These two (erosion and dilation) can be applied one after the other, repeatedly. I think the trick is to change the kernel size. Anyway, I know I've used that to reduce noise in the past. Here's one example of dilation:
>>> import cv2
>>> import numpy as np
>>> im_0 = cv2.imread("FWM8b.png")
>>> k_size = 3
>>> kernel = np.ones((k_size, k_size), np.uint8)
>>> im_dilated = cv2.dilate(im_0, kernel, iterations=1)
>>> cv2.imshow("d", im_dilated)
>>> cv2.waitKey(0)
Make whatever kernel you want for erosion, and check out the effects.
>>> im_eroded = cv2.erode(im_0, kernel, iterations=1)

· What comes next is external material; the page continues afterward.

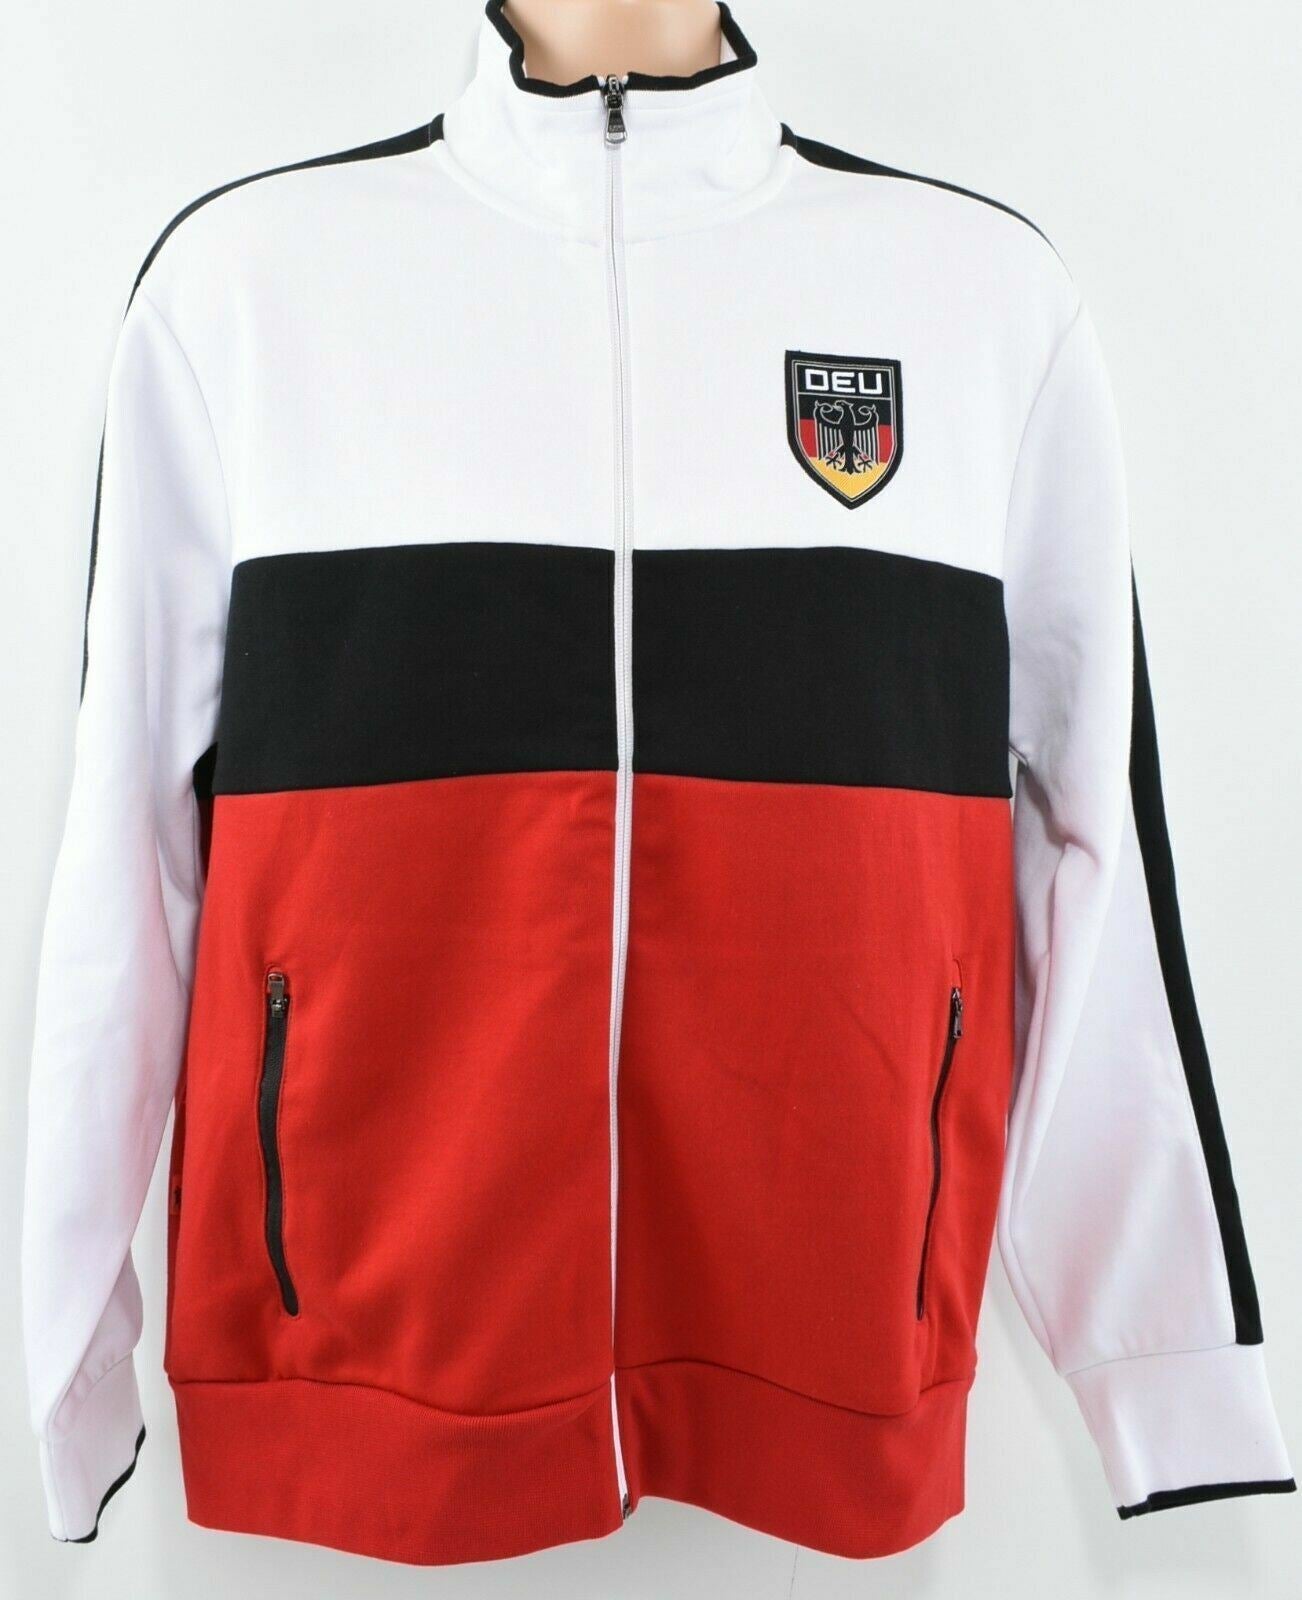 POLO RALPH LAUREN Men's Germany Zip Track Jacket, White/Multi, size M

>>> cv2.imshow("erosion", im_eroded)
>>> cv2.waitKey(0)
Edit with possible improvements:
>>> im_blurred = cv2.GaussianBlur(im_dilated, (0, 0), 3)
>>> im_better = cv2.addWeighted(im_0, 0.5, im_blurred, 1.2, 0)
# Getting closer.
^ dilated, blurred, and combined (added) with original, 1st way
# Even better, I think.
im_better2 = cv2.addWeighted(im_0, 0.9, im_blurred, 1.7, 0)

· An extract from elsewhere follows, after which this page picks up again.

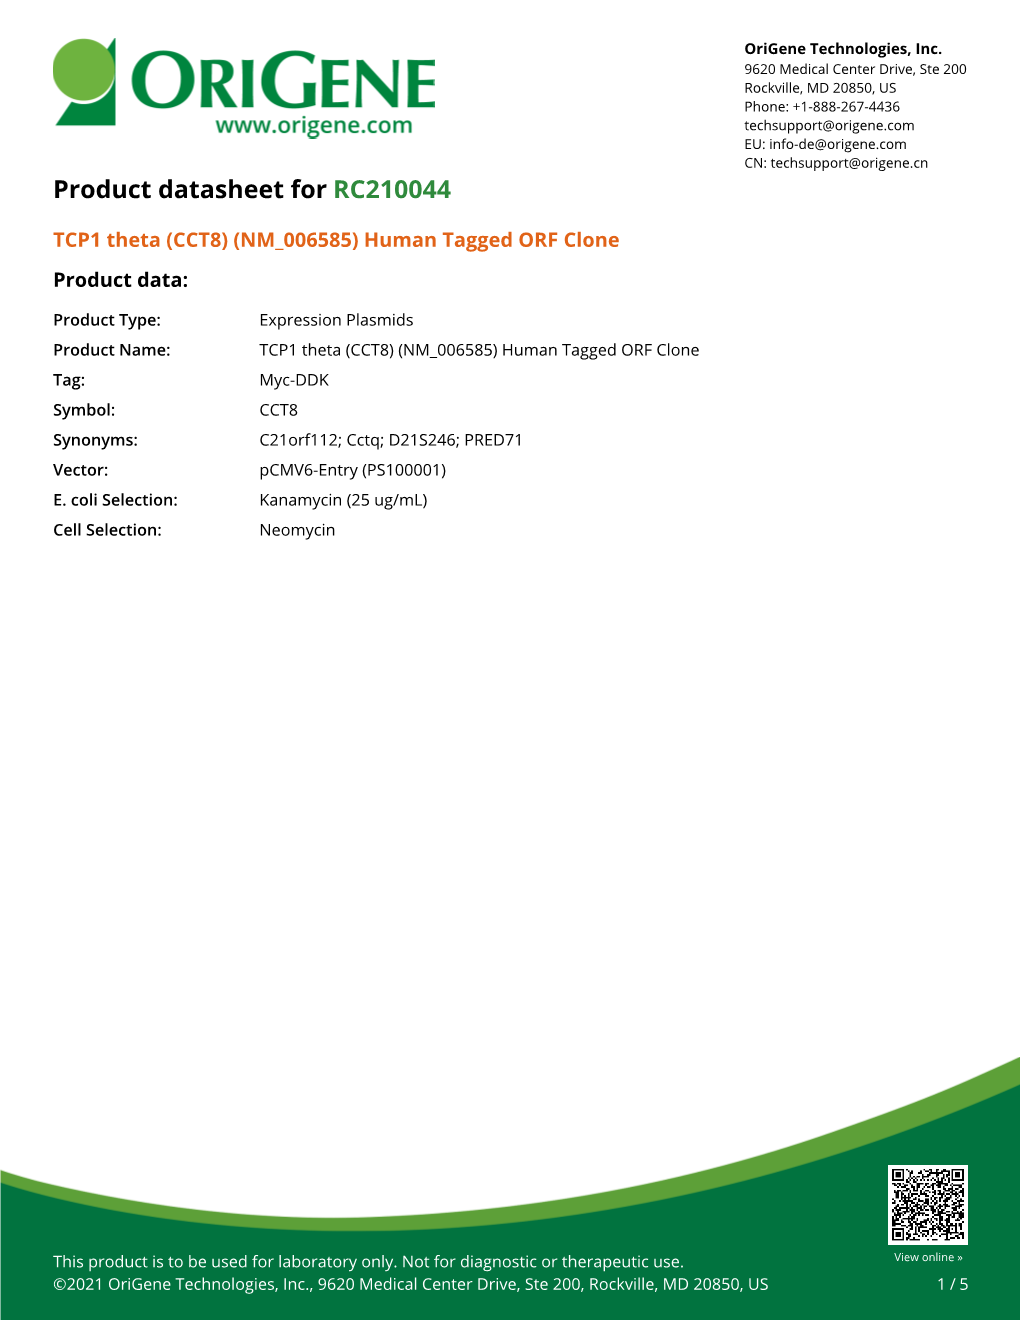 TCP1 Theta (CCT8) (NM 006585) Human Tagged ORF Clone Product Data

^ dilated, blurred, and combined (added) with original, 2nd way
You could do artifact removal, but be careful not to get rid of the stalk of the 7. If you can keep the 7 together, you can do connected-component analysis and keep the biggest connected components.
You could sum the values of pixels on each column and each row, which would probably lead to something like this (very approximated - almost time for work). Note that I was much more careful with the green curve - sums of columns - but the consistency of scaling is probably off.
Note that this is more a sum of (255 - pixel_value). That could find you rectangles where your to-be-found glyphs (digits) should be. You could do a 2-d map of column_pixel_sum + row_pixel_sum, or just do some approximation, as I have done below.
Also to feel free to rotate the image (or take pixel sums at different angles), and combine your info for each rotation.
Lots of other things to try ... the suggestion by #eldesgraciado of a noise model is especially intriguing.
Another thing you could try out is to create a "noise model" and subtract it from the original image. First, take the image and apply Gaussian Blur with very low parameters, just barely blurring it, next subtract this mask from the image. From here, the steps are experimental: The difference should be again blurred and thresholded. Save this image. You run this pre-processing with various parameters and saving each time the final binary image, then, average the masks obtained so far. The persistent blobs should be the ones you are looking for... like some sort of spatial bandstop, I guess...
Keep experimenting.
Unsharp mask (my other answer) on this result image. More noise gone, but hurts the 7.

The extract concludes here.